8.3: Review Problems

$$\newcommand{\vecs}[1]{\overset { \scriptstyle \rightharpoonup} {\mathbf{#1}} }$$

$$\newcommand{\vecd}[1]{\overset{-\!-\!\rightharpoonup}{\vphantom{a}\smash {#1}}}$$

1.    Let $$M=\begin{pmatrix} m^{1}_{1} & m^{1}_{2} & m^{1}_{3}\\ m^{2}_{1} & m^{2}_{2} & m^{2}_{3}\\ m^{3}_{1} & m^{3}_{2} & m^{3}_{3}\\ \end{pmatrix}$$.  Use row operations to put $$M$$ into $$\textit{row echelon form}$$.  For simplicity, assume that $$m_{1}^{1}\neq 0 \neq m^{1}_{1}m^{2}_{2}-m^{2}_{1}m^{1}_{2}$$.

Prove that $$M$$ is non-singular if and only if:
$m^{1}_{1}m^{2}_{2}m^{3}_{3} - m^{1}_{1}m^{2}_{3}m^{3}_{2} + m^{1}_{2}m^{2}_{3}m^{3}_{1} - m^{1}_{2}m^{2}_{1}m^{3}_{3} + m^{1}_{3}m^{2}_{1}m^{3}_{2} - m^{1}_{3}m^{2}_{2}m^{3}_{1} \neq 0$

2.
a)    What does the matrix $$E^{1}_{2}=\begin{pmatrix} 0 & 1 \\ 1 & 0 \end{pmatrix}$$ do to $$M=\begin{pmatrix} a & b \\ d & c \end{pmatrix}$$ under left multiplication?  What about right multiplication?
b)    Find elementary matrices $$R^{1}(\lambda)$$ and $$R^{2}(\lambda)$$ that respectively multiply rows $$1$$ and $$2$$ of $$M$$ by $$\lambda$$ but otherwise leave $$M$$ the same under left multiplication.
c)    Find a matrix $$S^{1}_{2}(\lambda)$$ that adds a multiple $$\lambda$$ of row $$2$$ to row $$1$$ under left multiplication.

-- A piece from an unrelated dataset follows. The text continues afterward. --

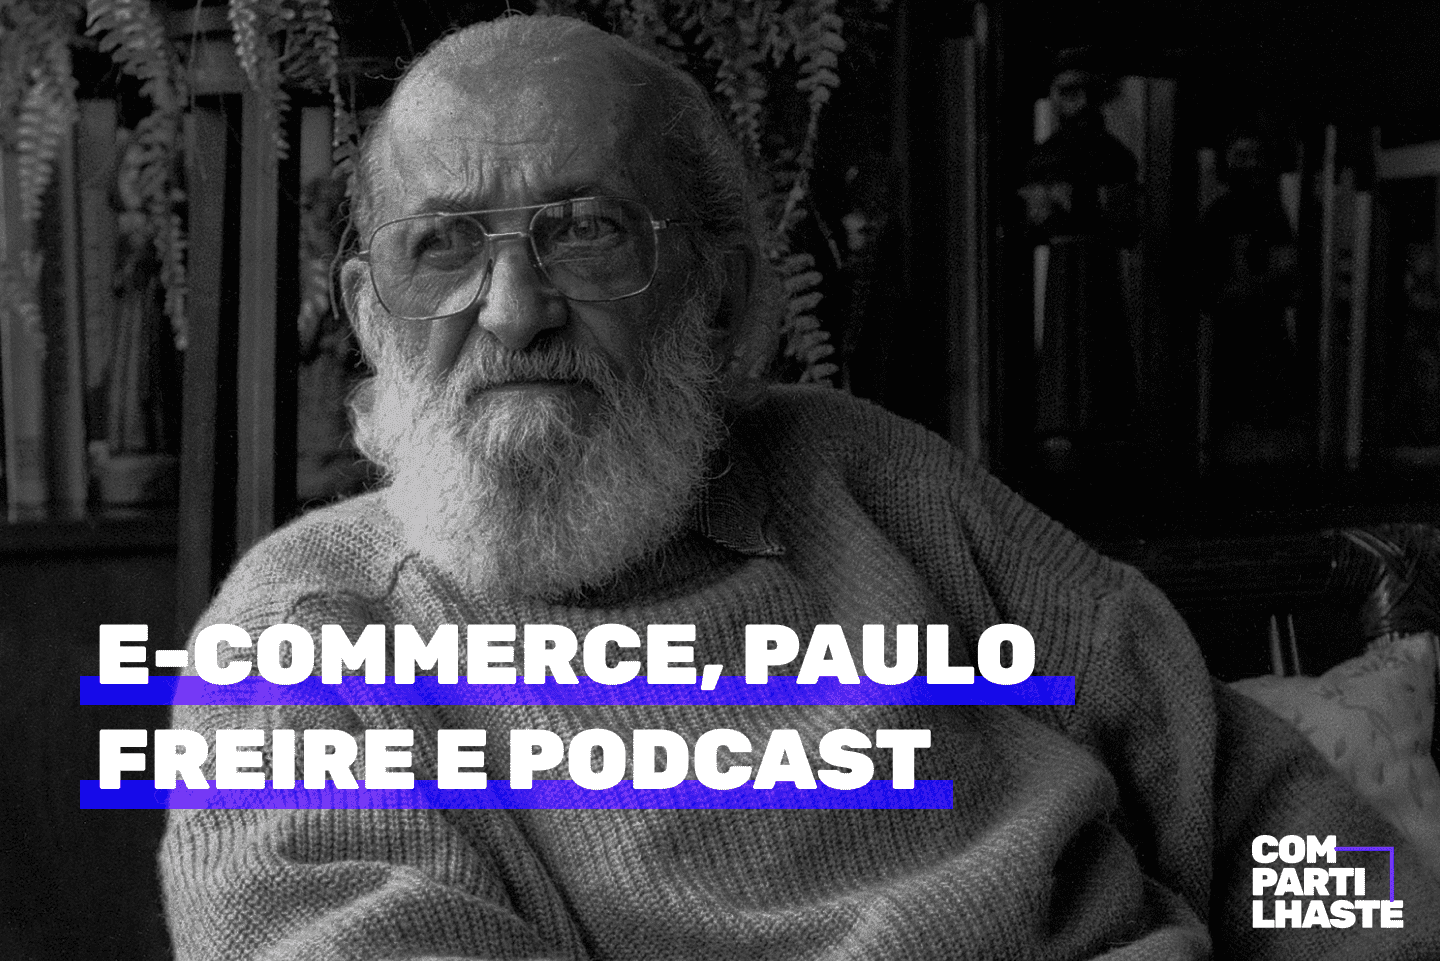 E-commerce, Paulo Freire e podcast.

3.    Let $$M$$ be a matrix and $$S^{i}_{j}M$$ the same matrix with rows $$i$$ and $$j$$ switched.  Explain every line of the series of equations proving that $$\det M = -\det (S^{i}_{j}M)$$.

4.    Let $$M'$$ be the matrix obtained from $$M$$ by swapping two columns $$i$$ and $$j$$.  Show that $$\det M'=-\det M$$.

5.    The scalar triple product of three vectors $$u,v,w$$ from $$\Re^{3}$$ is $$u\cdot(v\times w)$$.  Show that this product is the same as the determinant of the matrix whose columns are $$u,v,w$$ (in that order).  What happens to the scalar triple product when the factors are permuted?

6.    Show that if $$M$$ is a $$3\times 3$$ matrix whose third row is a sum of multiples of the other rows ($$R_{3}=aR_{2}+bR_{1}$$) then $$\det M=0$$.  Show that the same is true if one of the columns is a sum of multiples of the others.